Specifically, it includes the following functionality:
The following codes show the functions, extractVTIF and extractVNC4 to obtain the values for the subject locations with their timeline from GEoTiff (left) and BC4 (right) image files.
data("gtifRst","samplepnt")
tvals=sptemExp::extractVTIF(samplepnt,gtifRst)
par(mfrow=c(1,2),mar=c(4,4,1,1))
raster::plot(gtifRst)
raster::plot(samplepnt,add=TRUE)
nc4File=file.path(system.file(package = "sptemExp"), "extdata", "ancdata.nc4")
ncin0=ncdf4::nc_open(nc4File)
extRes=sptemExp::extractVNC4(samplepnt,ncin0,"TLML")
raster::plot(extRes$img)
print("geotiff values:")
print(tvals[c(1:5)])
print("nc4 values:")
print(extRes$val[c(1:5)])
You can use the function, getTBasisFun to extract the temporal basis functions (usually the first two principle components).
data("shdSeries2014")
#Extract the temporal basis functions
result=sptemExp::getTBasisFun(shdSeries2014,"siteid","date","obs",df=8,n.basis=2)
#Plot the results
par(mfrow=c(1,2),mar=c(4,4,1,1))
plot(result$date,result$pv1,type="l",xlab="Date",ylab="1st Temporal Basis Function")
plot(result$date,result$pv2,type="l",xlab="Date",ylab="2nd Temporal Basis Function")
We can generate the Thiessen polygons using the spatial points and border map.
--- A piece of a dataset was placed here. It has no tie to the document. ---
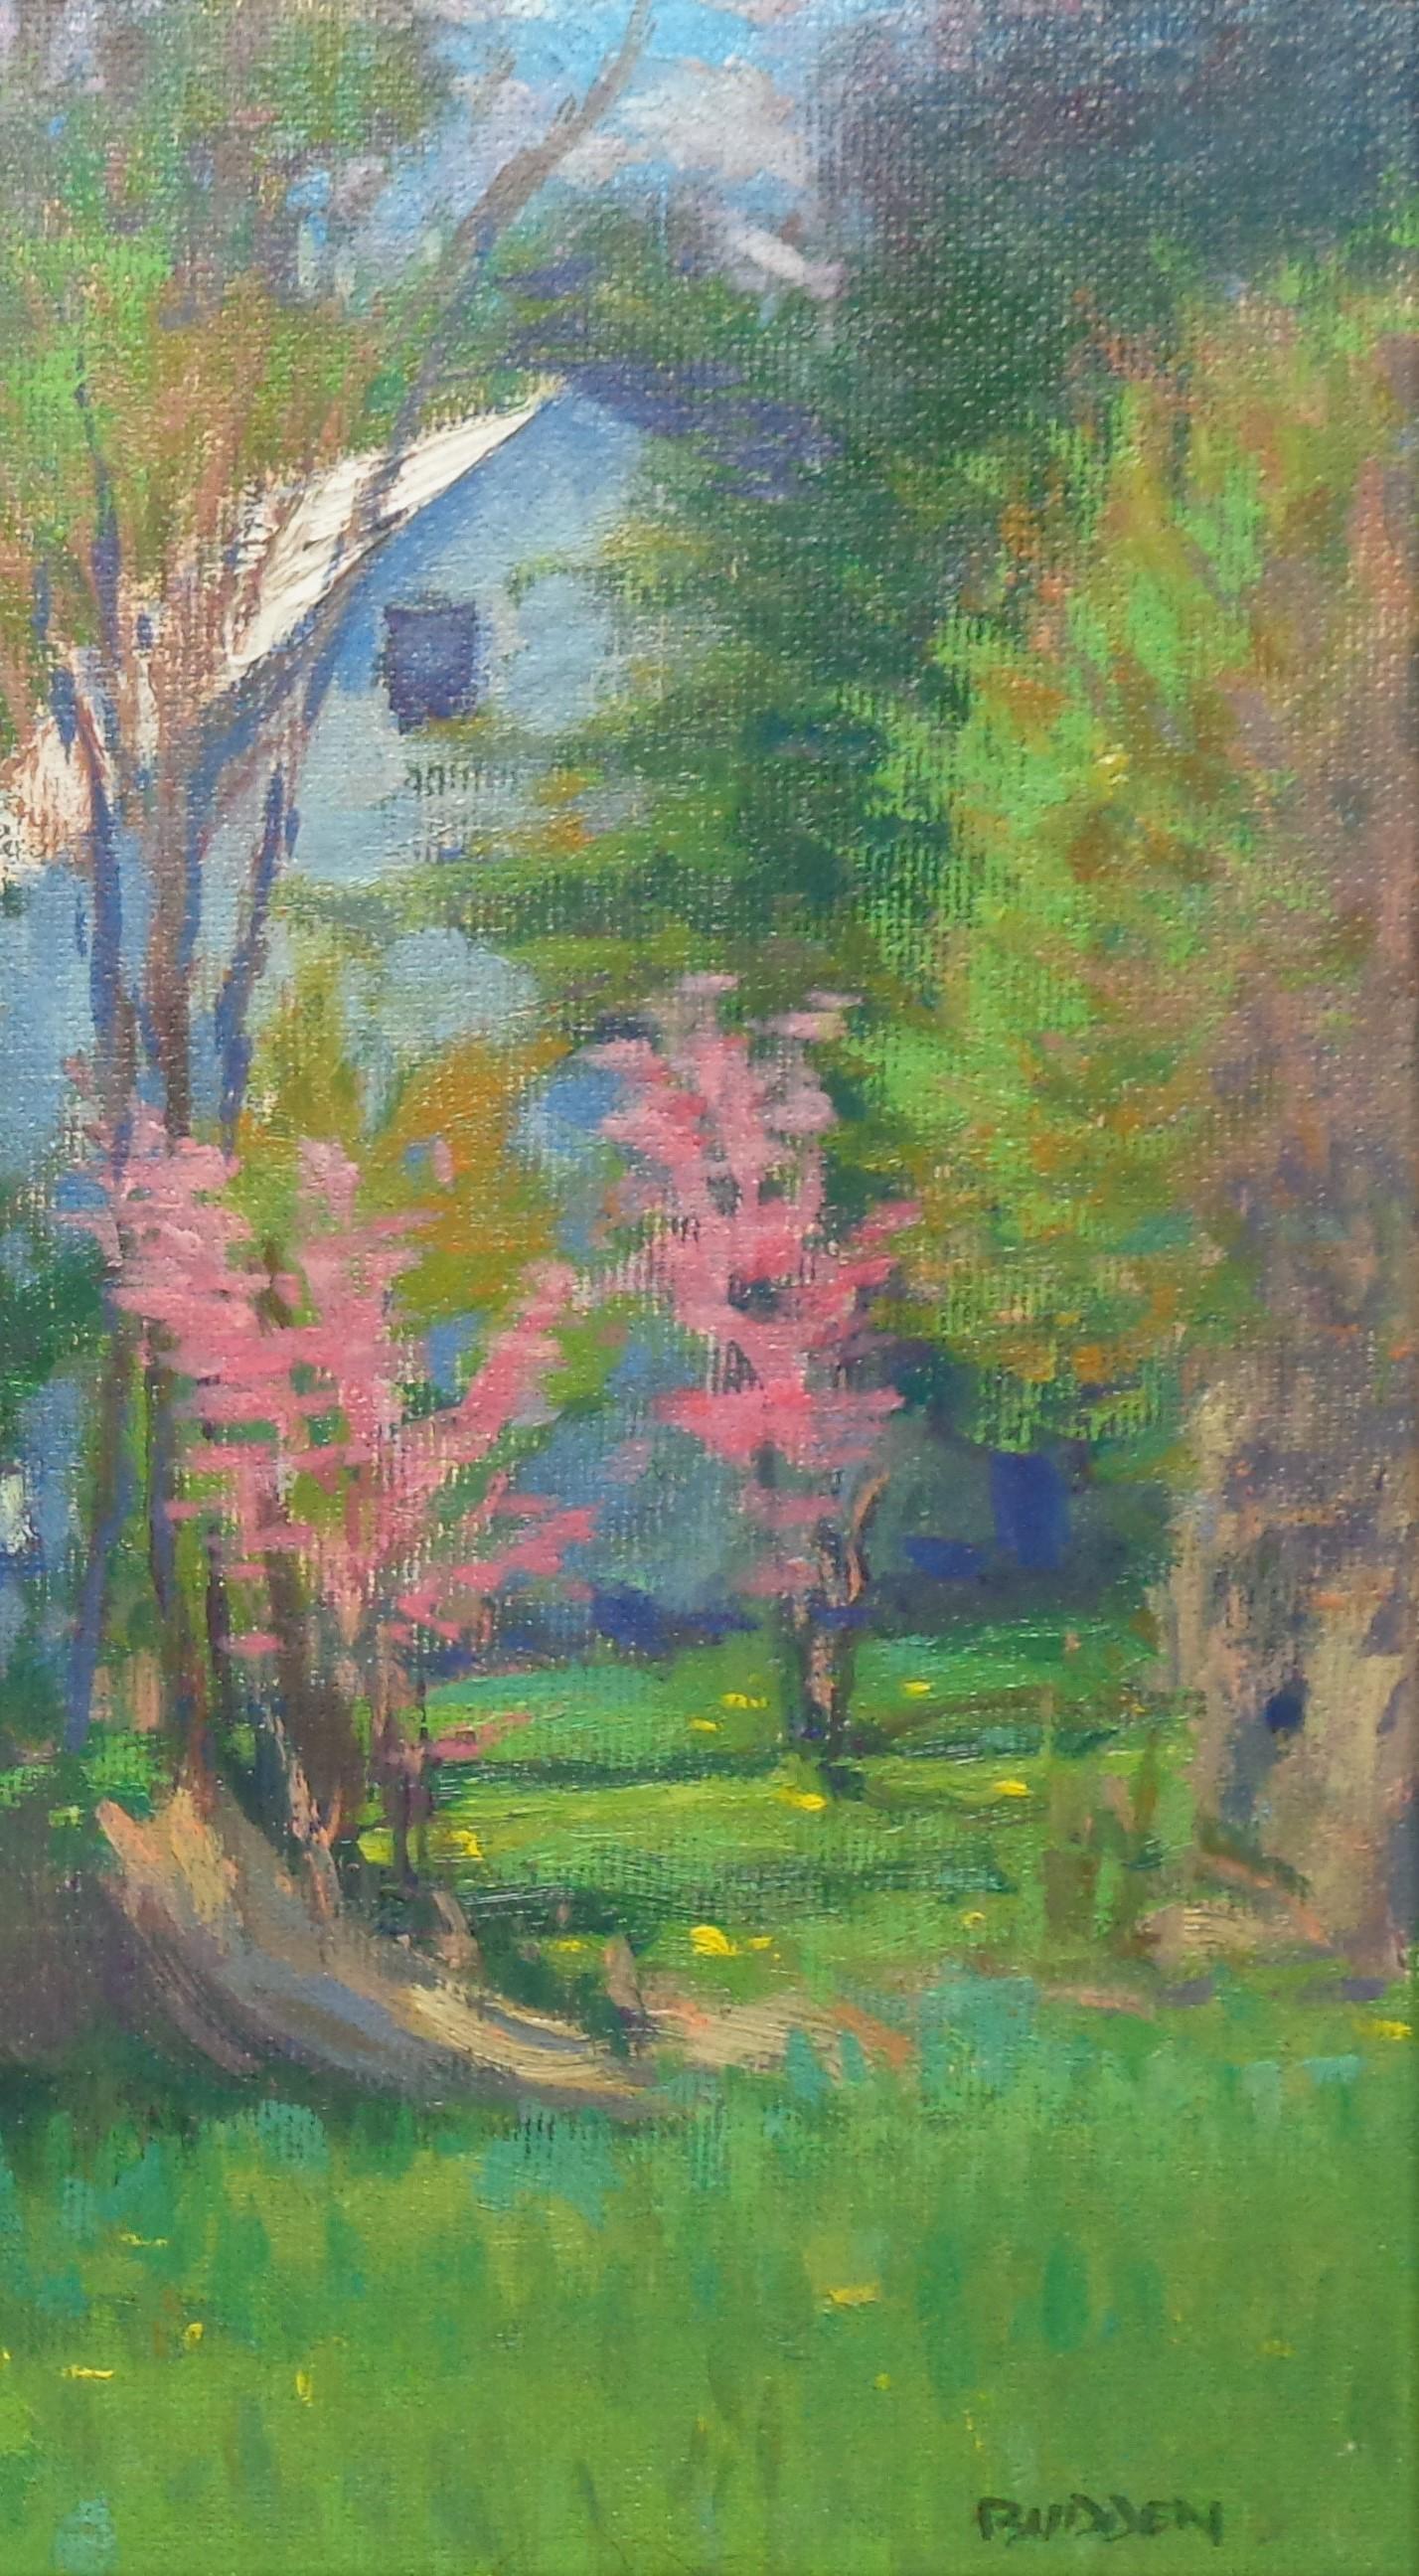  Impressionistic Floral Landscape Oil Painting by Michael Budden Early Spring For Sale 4

The function, tpolygonsByBorder is designed for this.
data("samplepnt","prnside")
x=samplepnt
sidepoly=prnside
par(mar=c(1,1,1,1))
tpoly=sptemExp::tpolygonsByBorder(x,sidepoly)$tpolys
raster::plot(samplepnt,add=T)
The base spatiotemporal mixed models can be trained using the bootstrap datasets with support of multiple cores. The following examples illustrate the use of the function, parSpModel to train 12 models and the trained models are saved in the appointed model path. In practical application, you can train more models like 80 or more to get better performance.
#Set the temporary path to save the models and their performance metrics:
dPath=tempdir()
mPath=paste(dPath,"/models",sep="")
unlink(mPath,recursive = TRUE,force=TRUE)
dir.create(mPath)
#Load the dataset of Shandong PM2.5
data("trainsample","bnd")
#The formula where sx(rid, bs = "mrf", map =bnd) is spatial random effect. You can add unstructured item and other items. See R2BayesX.
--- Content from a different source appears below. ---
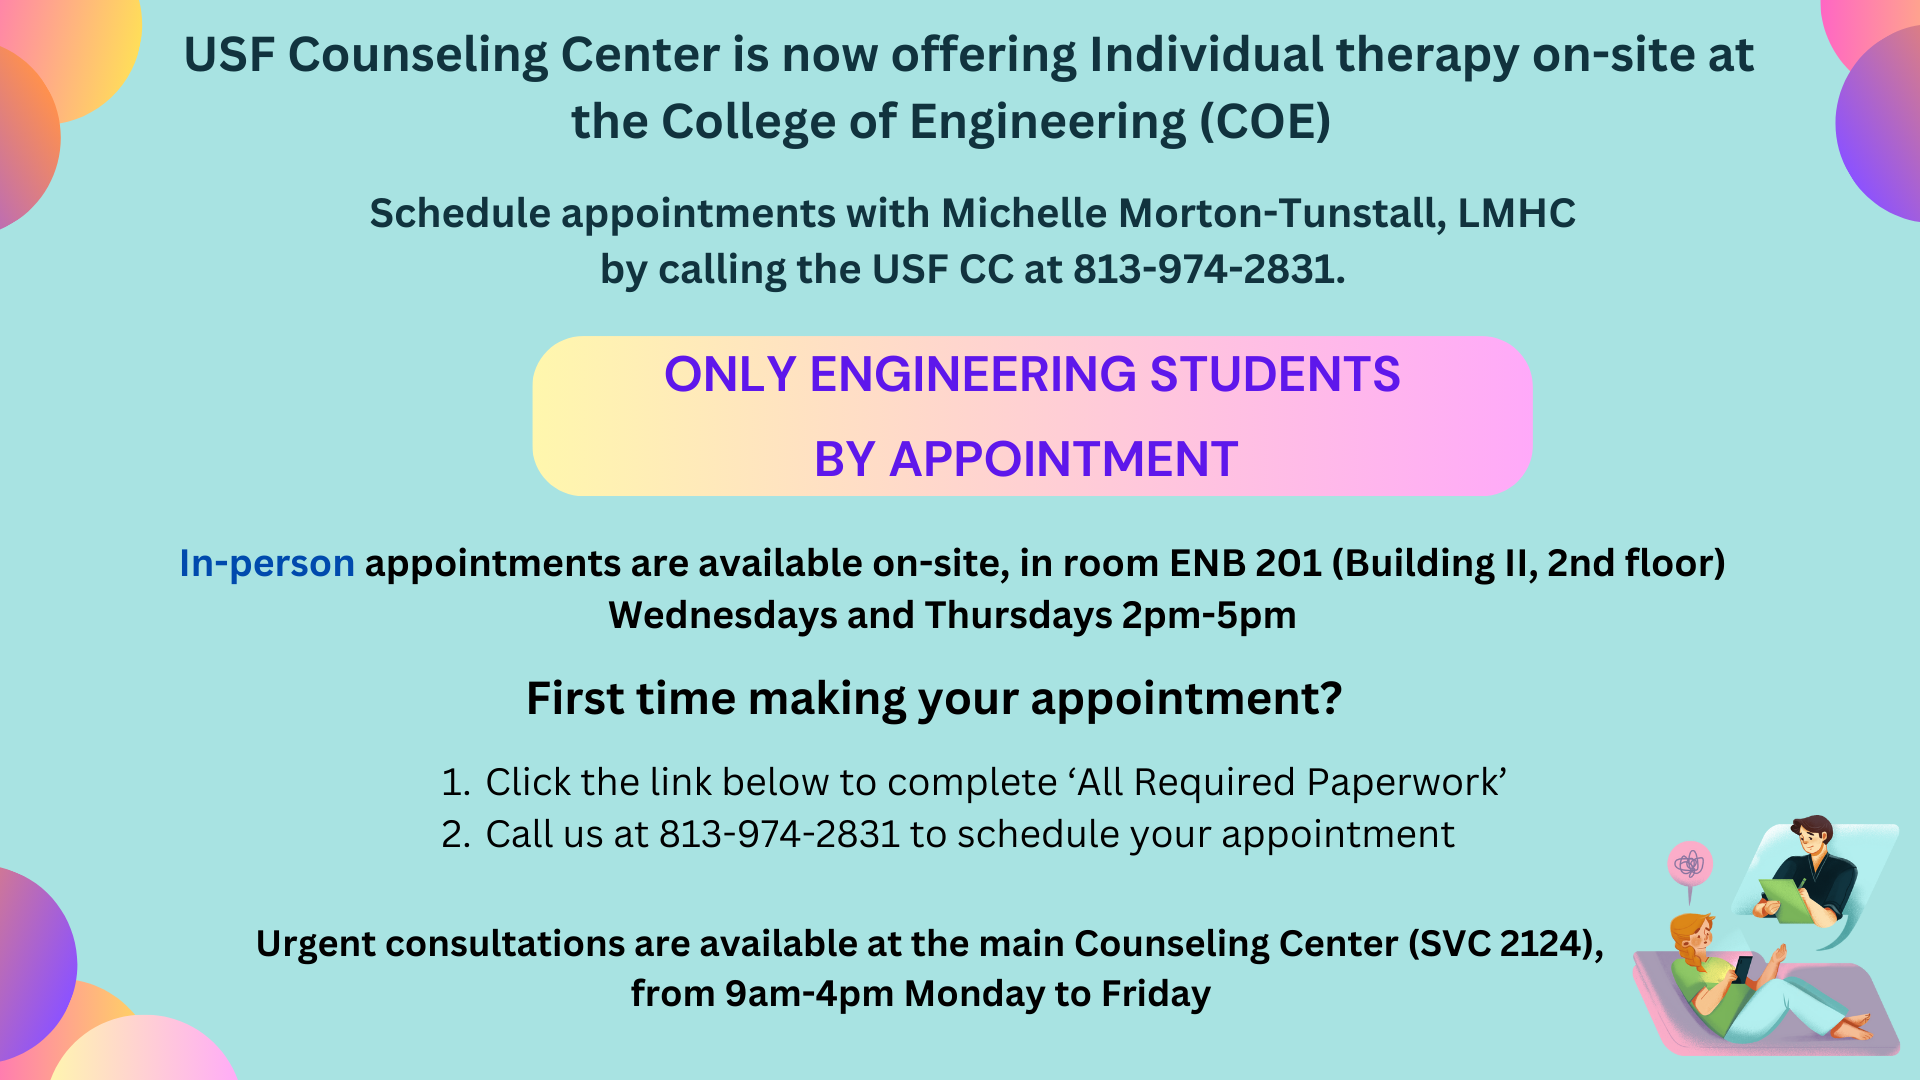 USF Counseling Center is now offering Individual therapy on-site at the College of Engineering (COE)

formulaStrs=c(paste('logpm25 ~ sx(rid, bs = "mrf", map =bnd)+sx(monthAv,bs="rw2")+sx(ndvi,bs="rw2") + sx(aod,bs="rw2") ','+sx(wnd_avg,bs="rw2")',sep=""))
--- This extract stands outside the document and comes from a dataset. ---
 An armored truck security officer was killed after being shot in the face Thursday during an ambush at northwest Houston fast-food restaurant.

trainsample$tid=as.numeric(strftime(trainsample$date, format = "%j"))
trainsample$logpm25=log(trainsample$pm25)
tids=c(91) # the day of year for 2014
#Train the model using 2 cores and construct 12 models:
sptemExp::parSpModel(trainsample,bnd,formulaStrs,tidF="tid",tids,c=1,nM=10,
mPath,idF="siteid",dateF="date",obsF="pm25")
Check the performance (rSquared and rmse) of every model and the total performance.
#Check the performance of everty model
mfile=paste(dPath,"/models/t_",tids[1],"_metrics.csv",sep="")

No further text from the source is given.